Текст книги "Бестиарий спального района"
Автор книги: Юрий Райн
Жанр: Боевое фэнтези, Фэнтези
сообщить о неприемлемом содержимом
Текущая страница: 13 (всего у книги 22 страниц)
Ырка возносил безмолвную хвалу Высшим за такой роскошный подарок: великолепные, полные жизни и энергии жертвы, охваченные – о, ирония судьбы! – охотничьим азартом.
Нет ничего прекраснее сильной жертвы, которая до последнего мнит себя хищником. Какое недоумение в глазах! Какая безнадежная агрессия в последнем движении, отчаянном и порывистом!
Один из людей был совсем рядом, в квартире, говорил по телефону. Ырка услышал грохот – это в тишине лязгнула дверь.
Ну, охотнички?
Он тихо прочистил горло, пошуршал складками безупречного костюма. Приманка сработала, человек закричал:
– Наверх, Вадик, быстро! Тут они!
И сам выскочил на лестницу.
Ырка снял очки.
Аура человека стала наливаться темным, тяжелым страхом. Охотник всмотрелся: превосходная аура! В ней и боль – ну да, вон как рука распухла, и жестокая обида на какое-то тяжкое оскорбление – какое именно, Ырку не интересовало, и похоть, и азарт собственной охоты.

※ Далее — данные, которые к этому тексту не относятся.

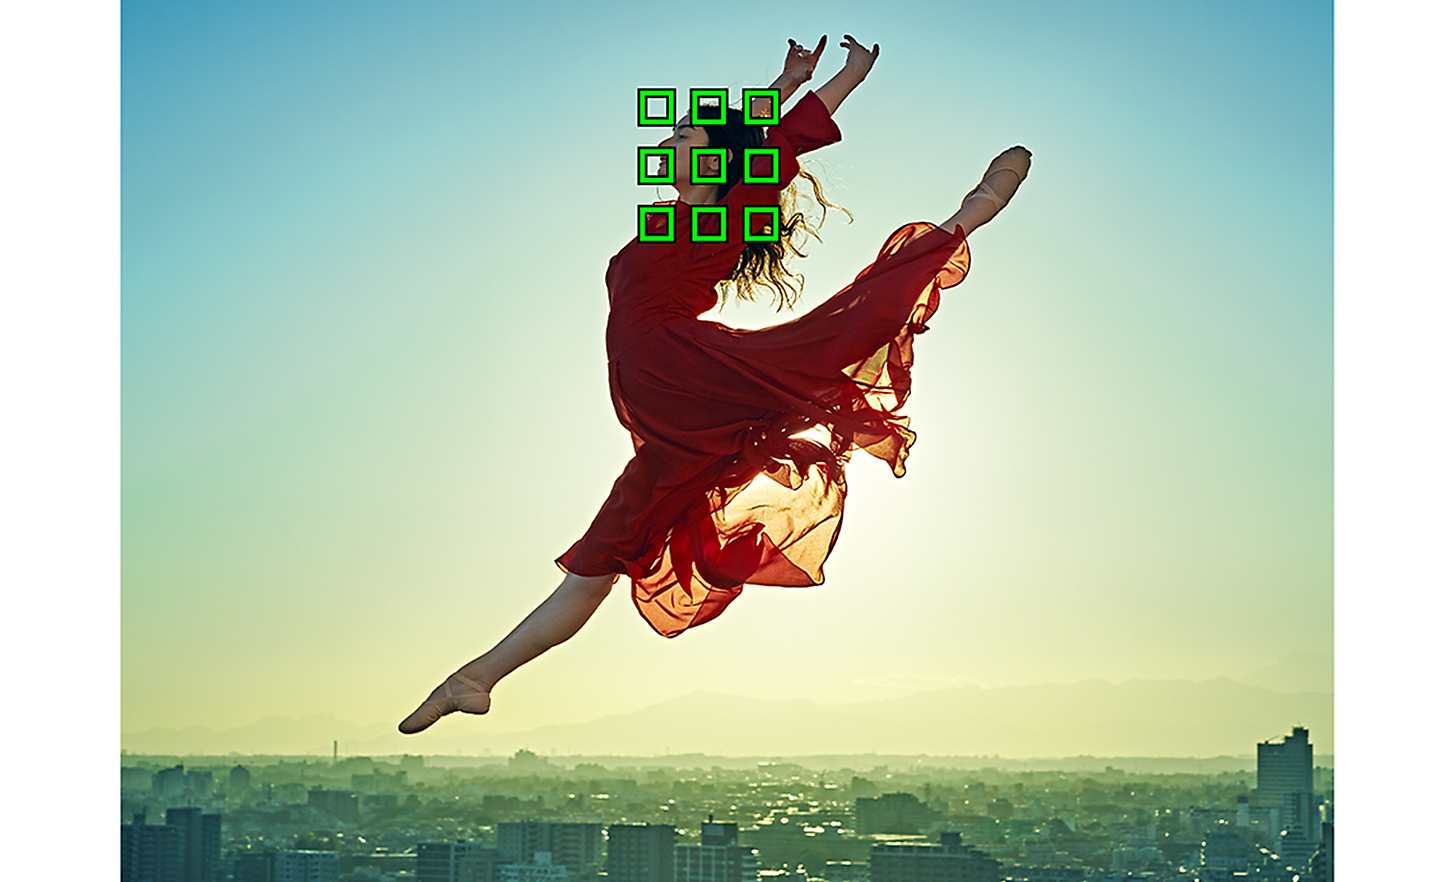 En hoppande dansare i röd klänning framför en imponerande stadsbild – de nio gröna rutorna representerar avkänning av AI-motiv
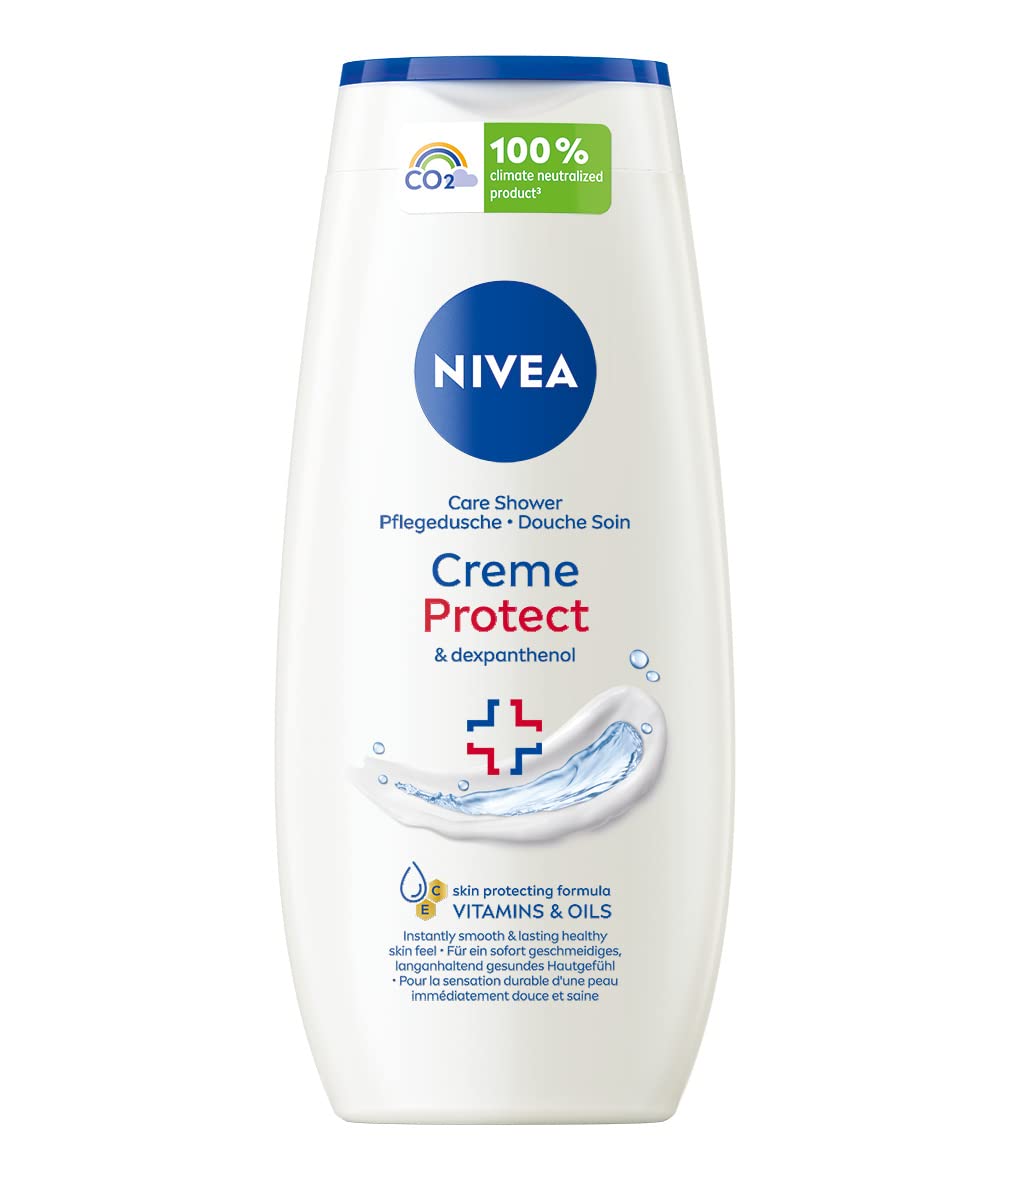 NIVEA Creme Protect Pflegedusche (250 ml), Duschgel mit Vitaminen und wertvollen Ölen, Cremedusche mit Dexpanthenol für trockene und empfindliche Haut, ‎cream

Впрочем, азарт затухал, а страх, наоборот, разгорался. Исключительная аура!
Человек заморгал, встретив слепящий взгляд Ырки, попытался прикрыться здоровой рукой, попятился, забормотал:
– Му… му… мужик! Ты чего?
Ырка снисходительно усмехнулся:
– Вы не меня искали, молодой человек?
– Да я… да нет… девки… это… девки… две от нас сбежали… Мужик, не смотри так, а?
Ырка оскалился, выпустил клыки, зарычал. Насладился последним ужасом жертвы и бросился.
5Любка еще тряслась, рот был зажат Наташкиной ладонью, когда сверху раздался крик:
– Наверх, Вадик, быстро! Тут они!
Наташка поняла: ситуация изменилась в их пользу – преследователи обознались, наткнулись на кого-то другого. Теперь – использовать это!
Опять затрещал «Черный бумер».
– Чего, Вадик? Наверху? Иду, докурю только на холодке… Ты давай рассказывай пока!
Наташка рассудила: вряд ли этот дурачок станет теперь присматриваться к козырьку. Значит, можно и посмотреть, что там внизу…
Прямо под собой девушка увидела Славика-Стасика. Еще когда в кабаке знакомились, он ей гадким каким-то показался. Не зверем, нет, но… Трудно объяснить, это чутье, выработанное жизнью в далеком поселке… Надо было этого чутья слушаться, сколько раз себе говорила! Нет, поехали две дуры пьяные на тусовочную хату, как же…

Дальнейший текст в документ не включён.